In this study, we developed an automated system for detecting and classifying malignant, premalignant, and benign gastric lesions. Previous studies25 aimed to classify lesions using a separate artificial intelligence model for images detected using an anomaly detection algorithm. However, this approach requires an additional step to indicate the required histological examination, even after lesion detection, deviating from the primary goal of reducing the workload and fatigue23,24,25. To overcome this limitation, we developed a multiclass detection algorithm with real-time processing to eliminate the need for dual processing. Although detection algorithms with high sensitivity can identify subtle lesions, there is a risk of overprediction. Misclassifying nonlesions as lesions can inundate clinicians with false alarms, possibly overshadowing true lesions and misguiding lesion classification9,10. This can compound clinician fatigue, which is a challenge that CADe aims to address. In addition, a major concern during endoscopic examinations is the possibility of missed lesions such as cancers. Considering these challenges, our algorithm was primarily tailored to yield a high NPV for cancerous and neoplastic lesions11. From the data encompassing 2,606 patients, we achieved an NPV of 88.53% and a sensitivity of 80.90% for the six-class classification. Notably, cancerous lesions had an NPV of 88.57% and sensitivity of 78.62%, and neoplastic lesions had an NPV of 89.80% and sensitivity of 83.26%. Overall, the detection rate was 95.22% in the 306 patients evaluated.
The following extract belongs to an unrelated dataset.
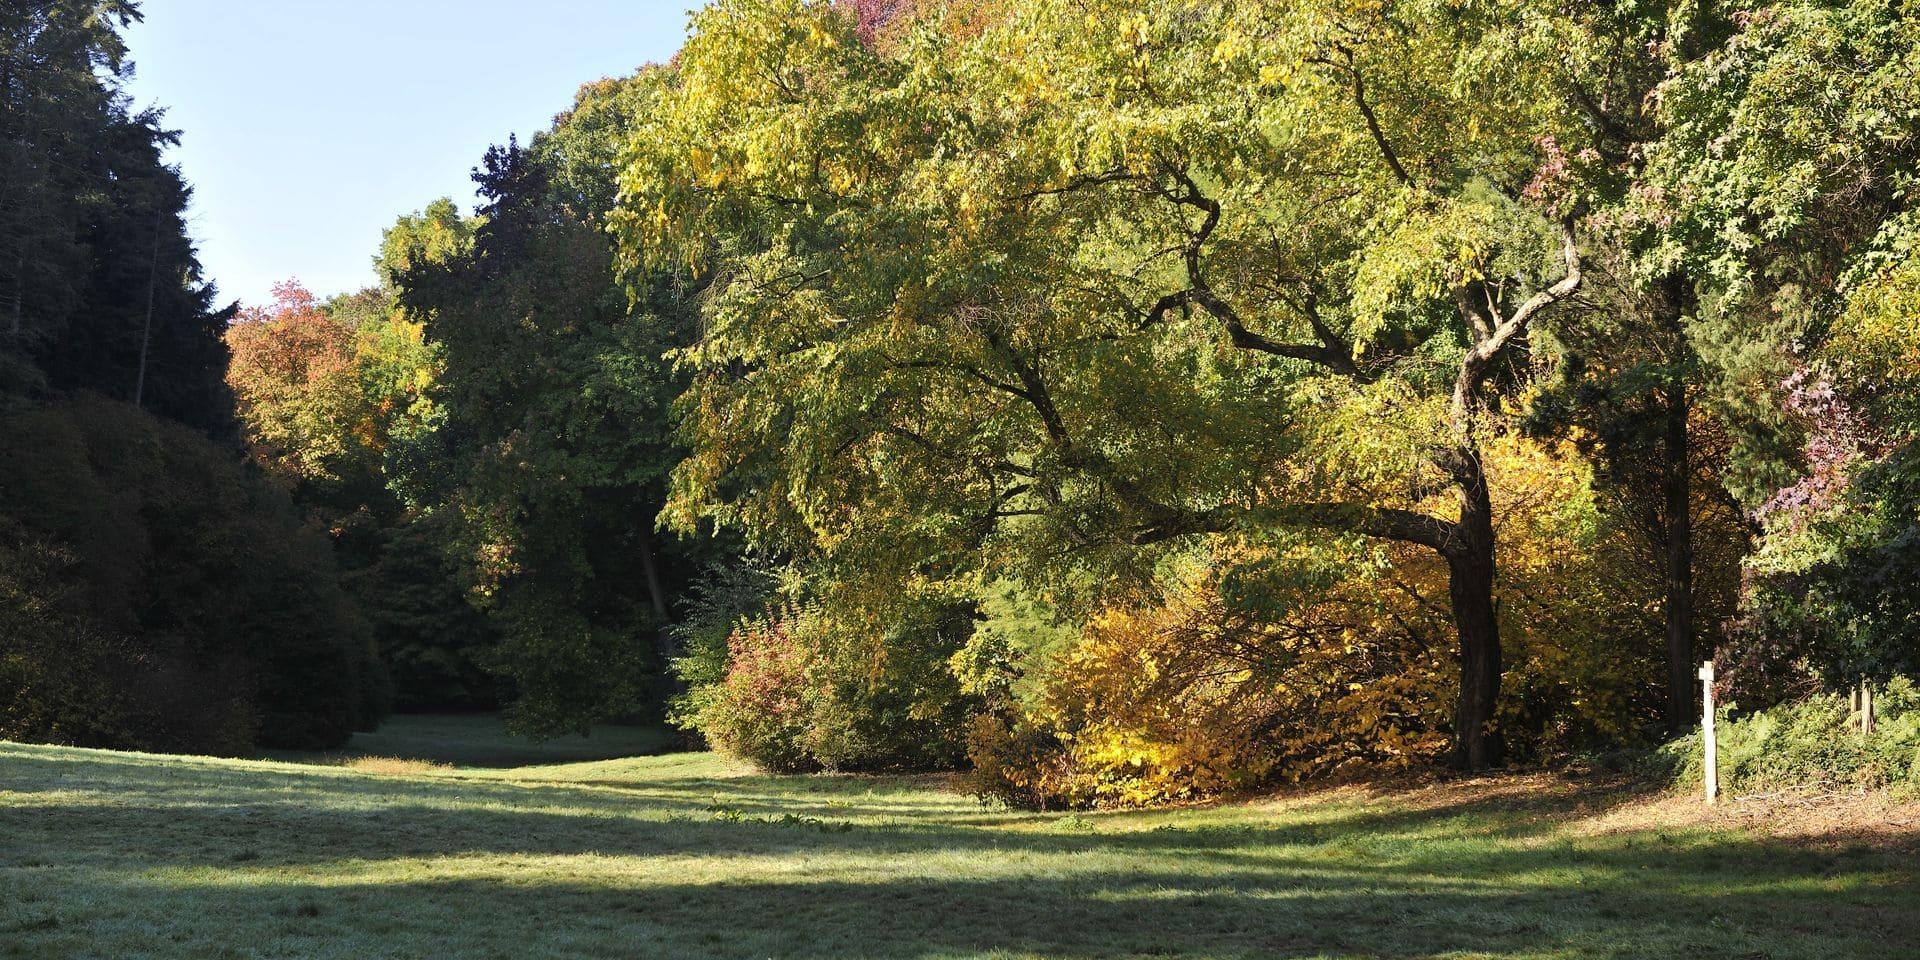 L'Arboretum de Tervuren, la perle cachée de la forêt de Soignes : un tour du monde en quelques promenades

The decision to perform a biopsy is often based on the assessment of the malignant and premalignant potential of a lesion. This nuanced judgment is based on extensive endoscopic experience. Our methodology can substantially aid in refining biopsy decisions and in classifying lesions as cancerous, neoplastic, or benign.

In addition, when estimating the depth of invasion for gastric cancer, discrepancies between endoscopist impressions and the actual pathological T stage are often observed. Our model achieved high performance in the prediction of the T stage, even in cases that showed discrepancies in the endoscopic and pathological T stages. Because treatment options for gastric cancer, such as endoscopic or surgical resection, often rely on the estimated T stage, this model could aid in accurate decisions for optimal treatment.

However, this study has a few limitations. The data used in this study were exclusively obtained from a single institution. Therefore, the algorithms employed in this study require external validation. Moreover, owing to the nature of Seoul National University Hospital, which is a tertiary hospital, there was a higher proportion of advanced cancer cases than of EGC or BGU cases, resulting in somewhat lower evaluation metrics, especially in the BGU and EGC classes. Additionally, data imbalance raises the possibility of bias towards cancerous lesions. Hence, securing multi-institutional data is recommended for external validation in future studies. Furthermore, because we could not compare the performance of the developed algorithm with that of an endoscopist using the same images, it is impossible to determine the true extent of the algorithm’s enhancement of the lesion detection rate or its potential impact.

Compared with previous studies12,16,22,23, the strength of this study is its comprehensive inclusion of various lesions. Not only did we account for diverse cancers and premalignant lesions, but we also incorporated common benign lesions that show diverse endoscopic appearances, including BGUs, benign polyps, and benign erosions. This wide-ranging analysis ensured a thorough and representative evaluation, thus enhancing the applicability and robustness of the findings.

In summary, our model, which was tailored for detecting and classifying gastric cancers, dysplasia, and various benign lesions, demonstrated an outstanding performance and has the potential to assist clinicians in decision-making during endoscopic procedures.